### Task directions
The data that follows must be transcribed in full and exactly, minus the pictures.

### Source data

┌──

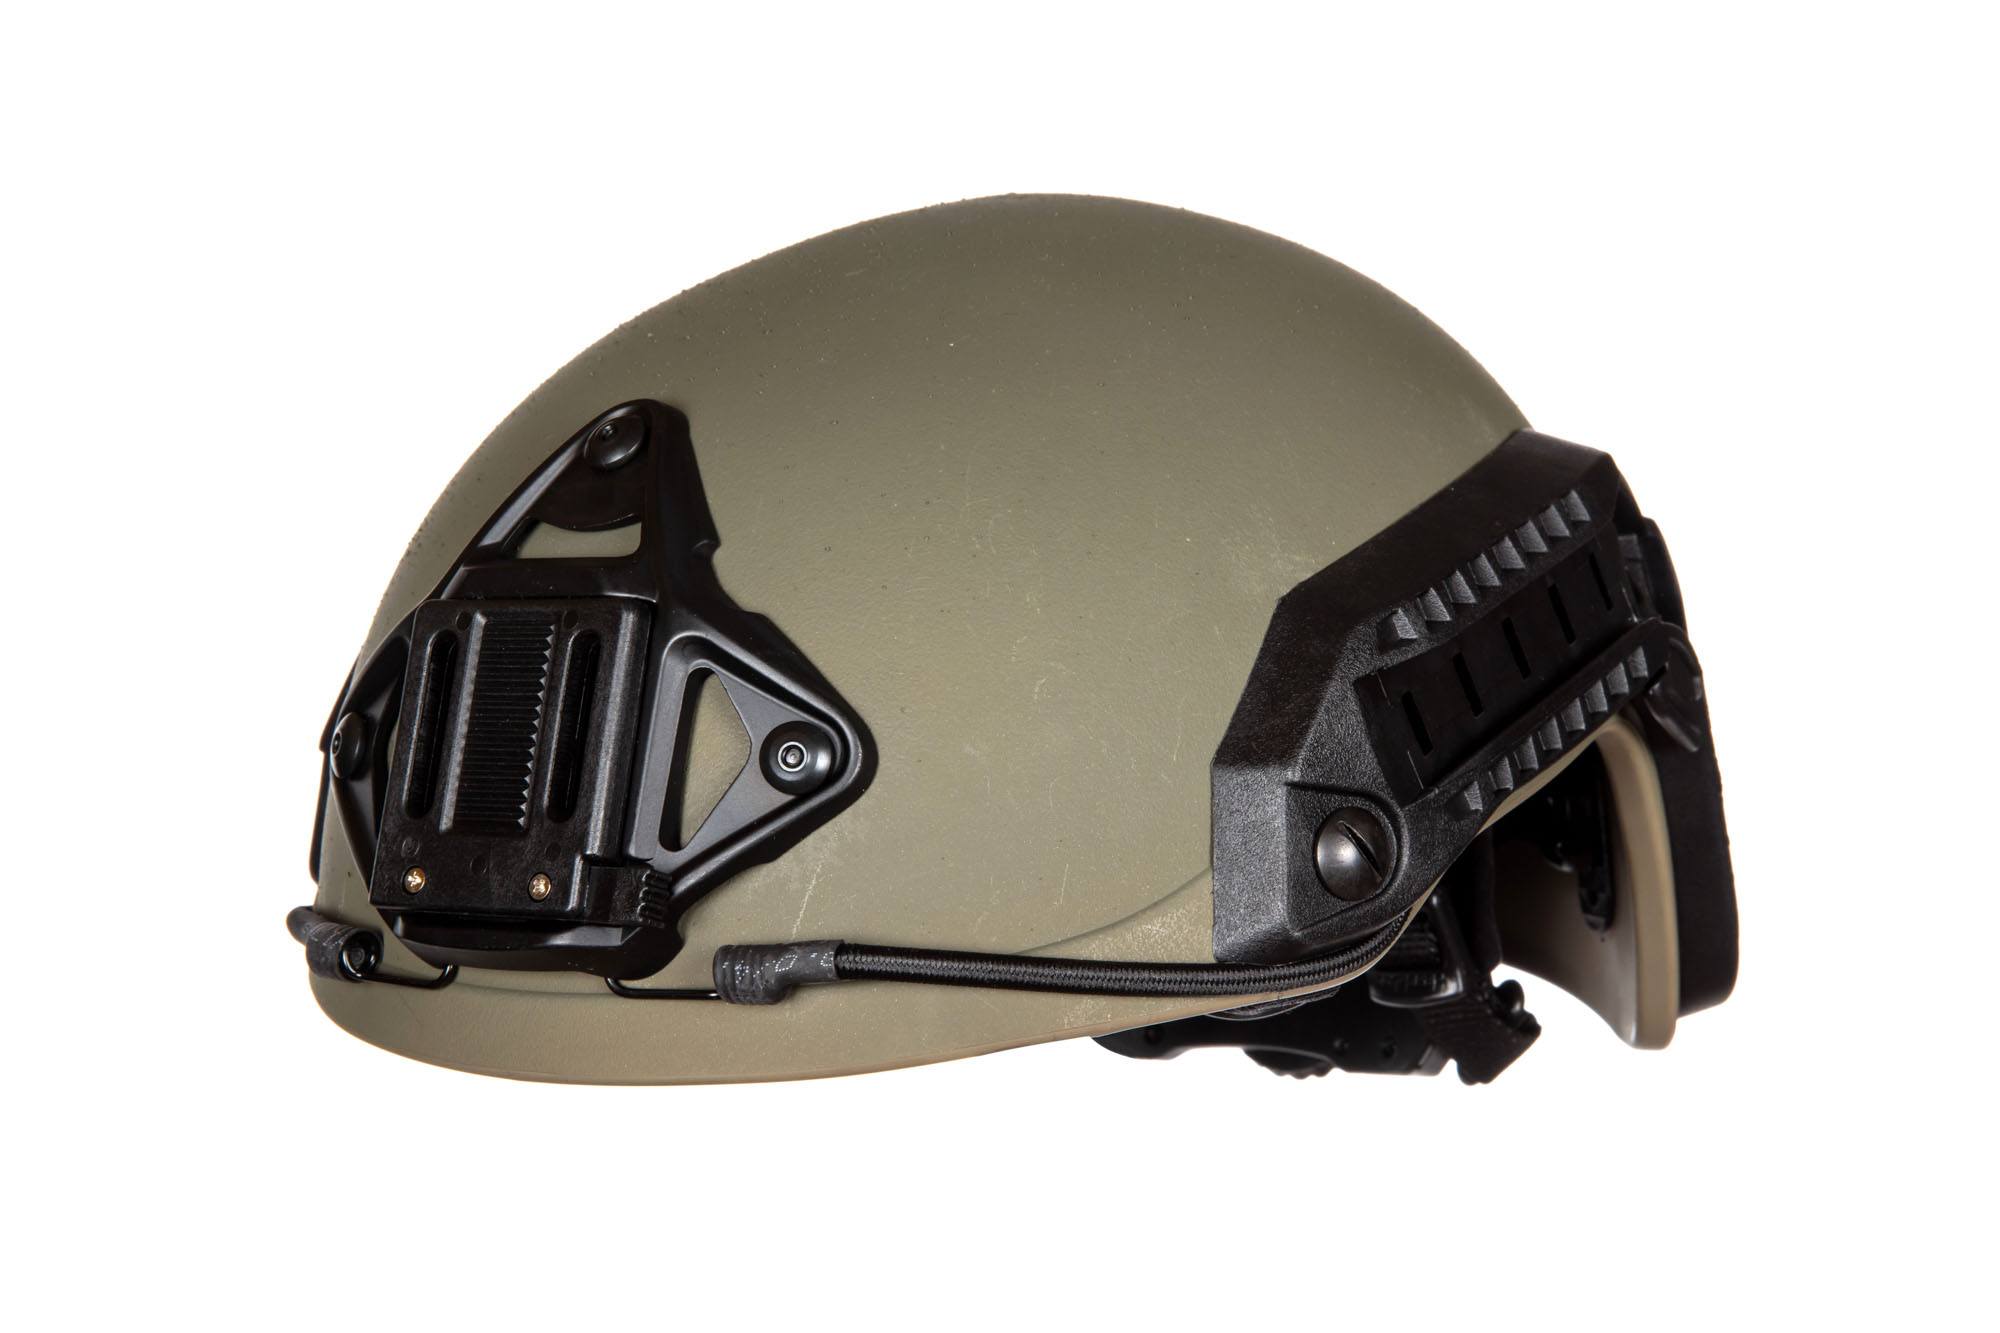 Maritime Helmet replica - Ranger Green (S/M)
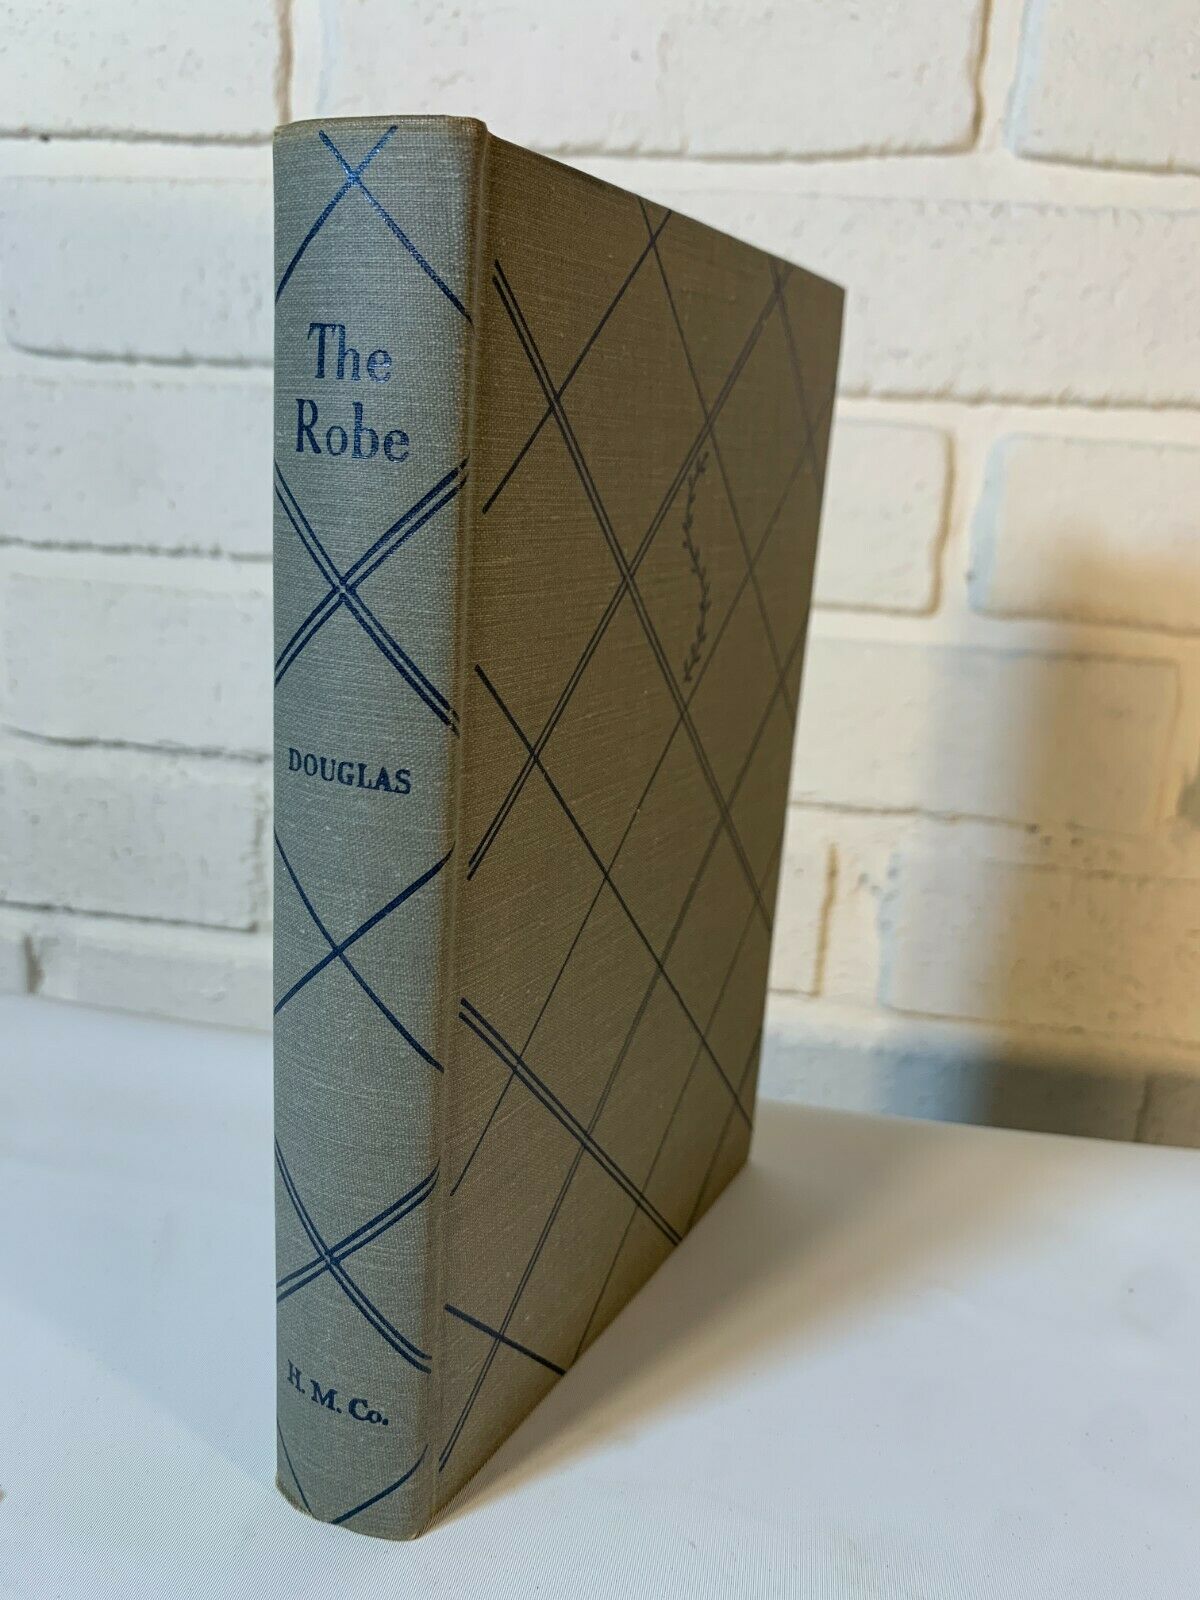 The Robe by Lloyd C.Douglas (1942)
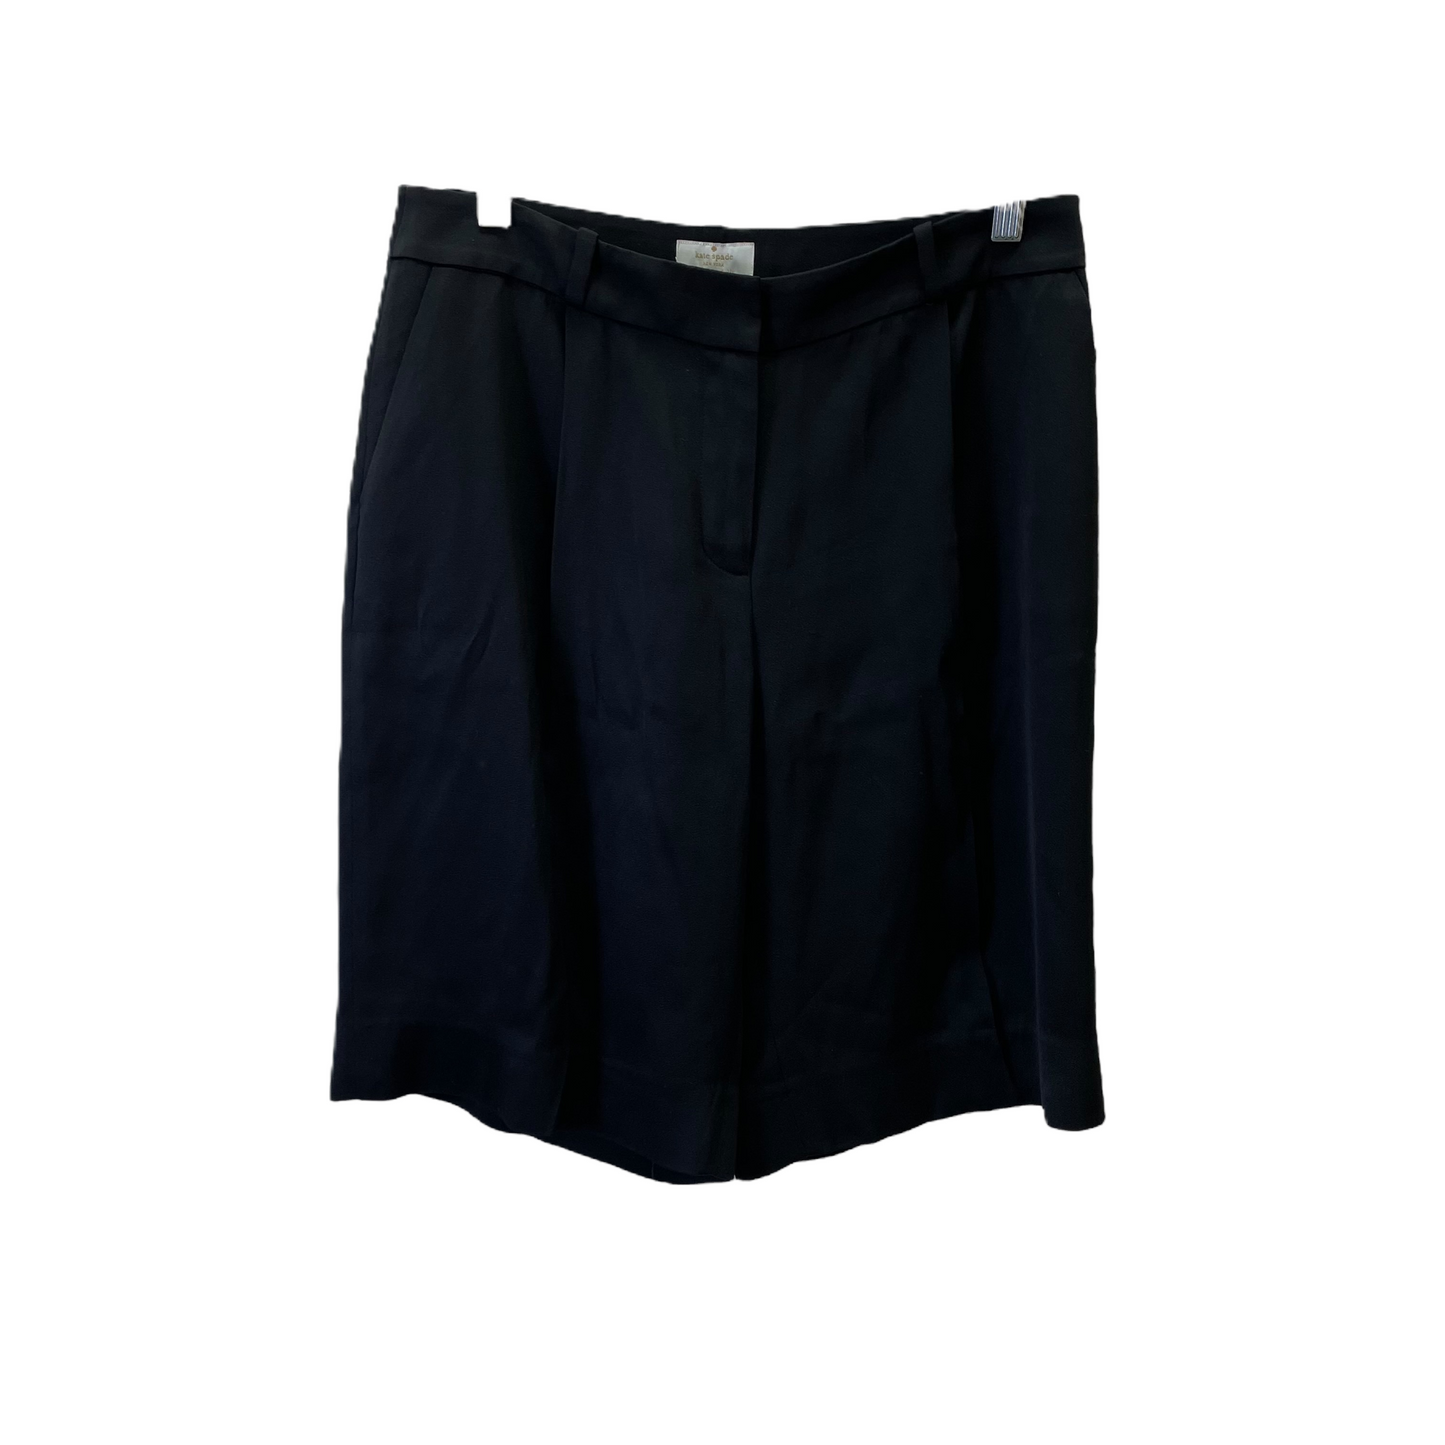 Black Shorts By Kate Spade, Size: 4

└──

### Task output
 Maritime Helmet replica - Ranger Green (S/M)
 The Robe by Lloyd C.Douglas (1942)
 Black Shorts By Kate Spade, Size: 4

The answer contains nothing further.